Man spricht in der Psychologie auch vom Geist, obwohl man nicht von Pneumatologie spricht, der Lehre vom Geist. Stattdessen heißt es immer Psychologie. Dennoch wird in der Psychologie auch über den Geist des Menschen gesprochen.
Ganz wichtig ist jedoch: In der säkularen Psychologie glaubt man nicht, dass es eine Seele gibt, die immateriell und eine selbstständige Einheit ist, zusätzlich zum materiellen Körper. Ebenso glaubt man nicht an einen Geist, der immateriell und eine eigene Einheit ist, im Gegensatz zum Körper, der aus Materie besteht.
Stattdessen geht man davon aus, dass der Mensch im Grunde eine biochemische Maschine ist. Durch komplexe Prozesse im Gehirn, in den Synapsen und in den Nervenbahnen entsteht etwas, das man als Seele oder Geist bezeichnet. Dies ist jedoch nur ein Ergebnis chemischer und physikalischer Prozesse in der Materie des Körpers.
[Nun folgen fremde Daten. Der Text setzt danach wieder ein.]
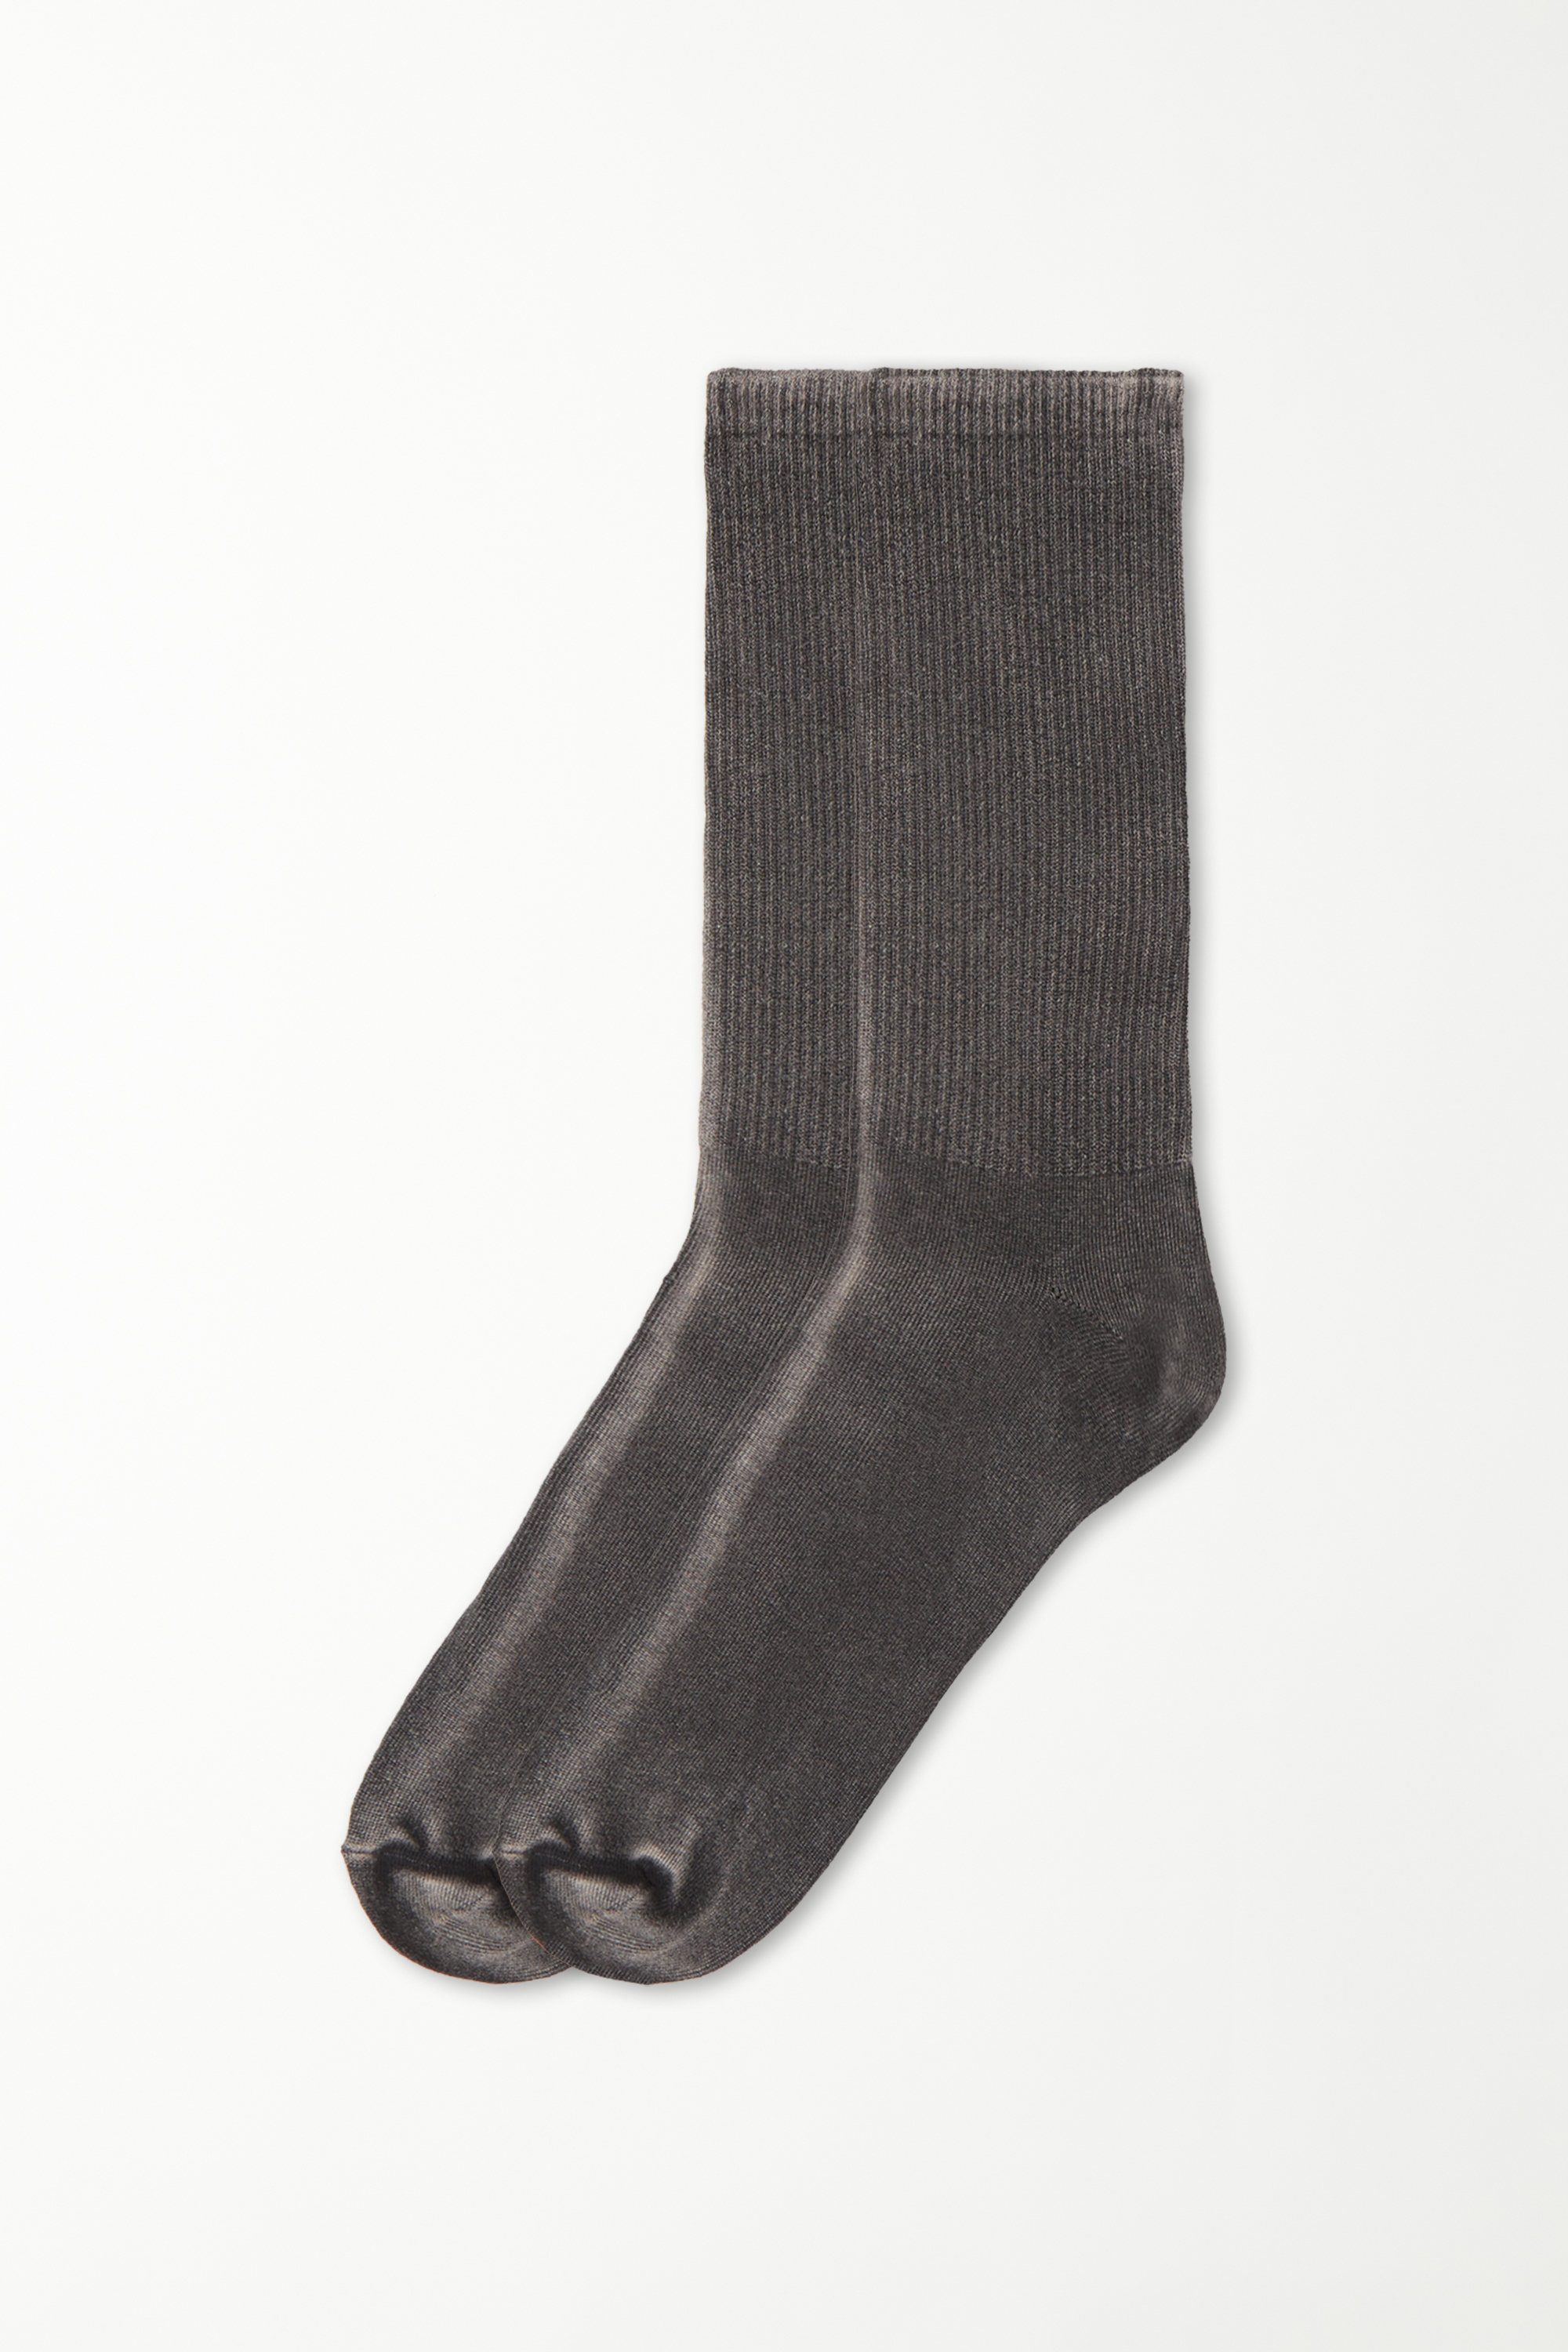 Men’s Semi-Short Patterned Cotton Socks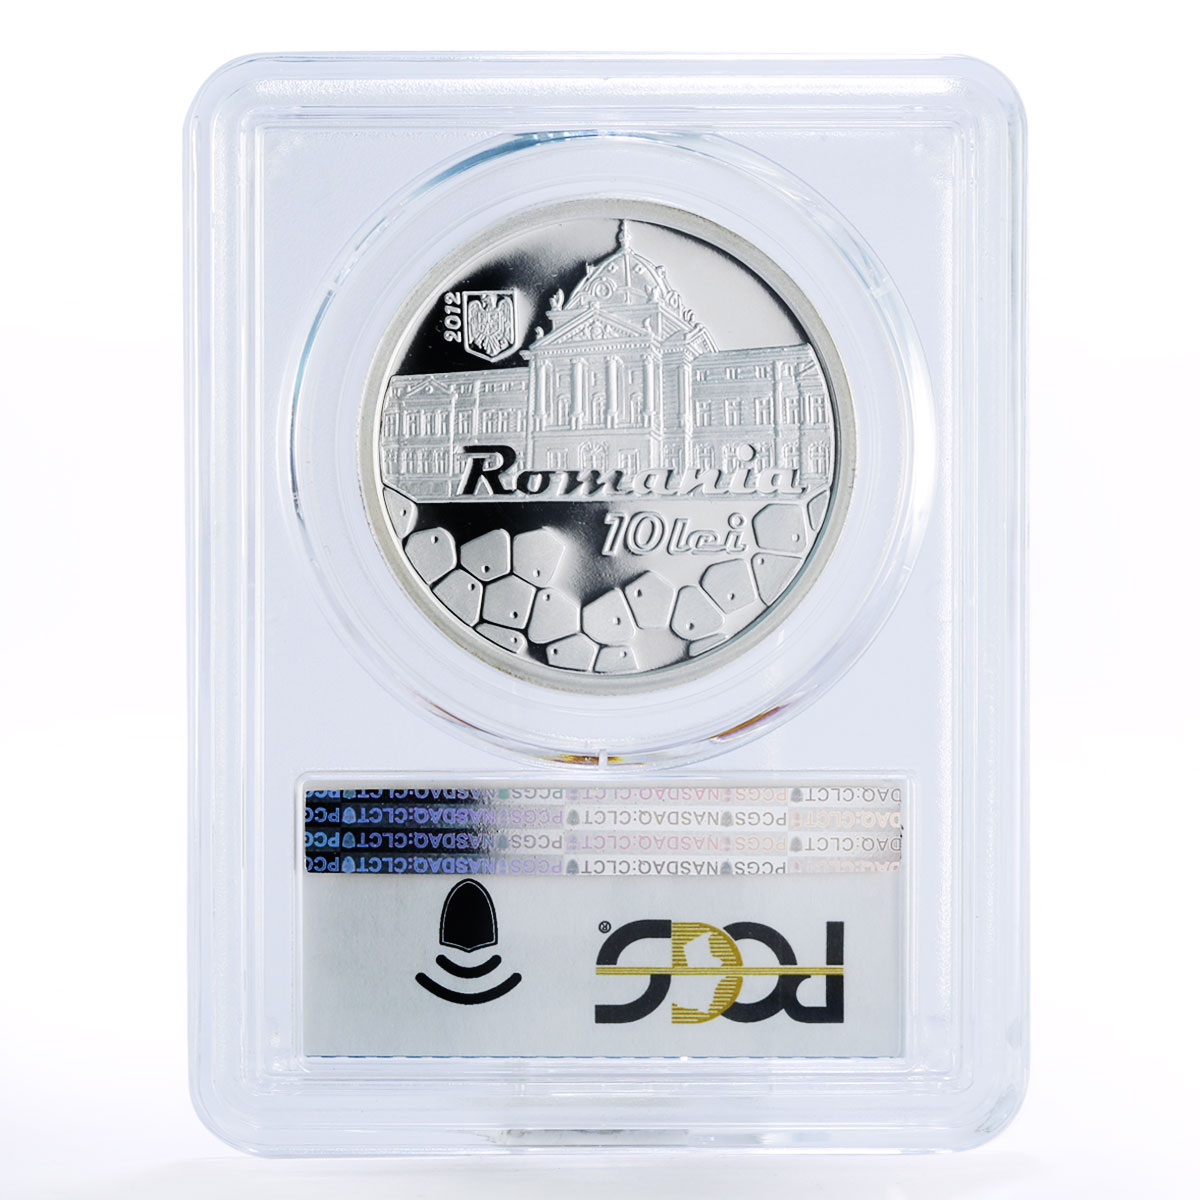 Romania 10 lei Centennial of George Emil Palade PR70 PCGS silver coin 2012

Natürlich wird gesagt, dass die Seele einen Einfluss auf den Körper hat. Das lässt sich auch bei säkularen Psychologen und Psychiatern beobachten. Dennoch ist die Seele kein zusätzliches Wesen neben dem Körper. Sie beeinflusst den Körper, und der Körper wirkt auf die Seele zurück. Aber die Seele selbst ist das Ergebnis all dieser komplizierten physikalischen und chemischen Prozesse im Körper.
Für Informatiker ist das besonders interessant: In der säkularen Welt glaubt man, dass mit der Zeit, wenn Computer noch komplexer werden, sich eine Art Seele oder Geist entwickeln wird. Man geht davon aus, dass künstliche Intelligenz – ein Begriff, der übrigens sehr problematisch ist – so weit fortschreiten kann, dass schließlich sogar ein Bewusstsein in diesen Maschinen entsteht.
Die Bibel lehrt jedoch etwas anderes. Sie sagt, dass Seele und Geist etwas sind, das Gott erschaffen hat, immateriell und zusätzlich zum materiellen Körper. Diese drei zusammen bilden eine so vollkommene Einheit, dass man sie nicht einfach trennen kann. Sobald eine Trennung geschieht, ist der Tod eingetreten.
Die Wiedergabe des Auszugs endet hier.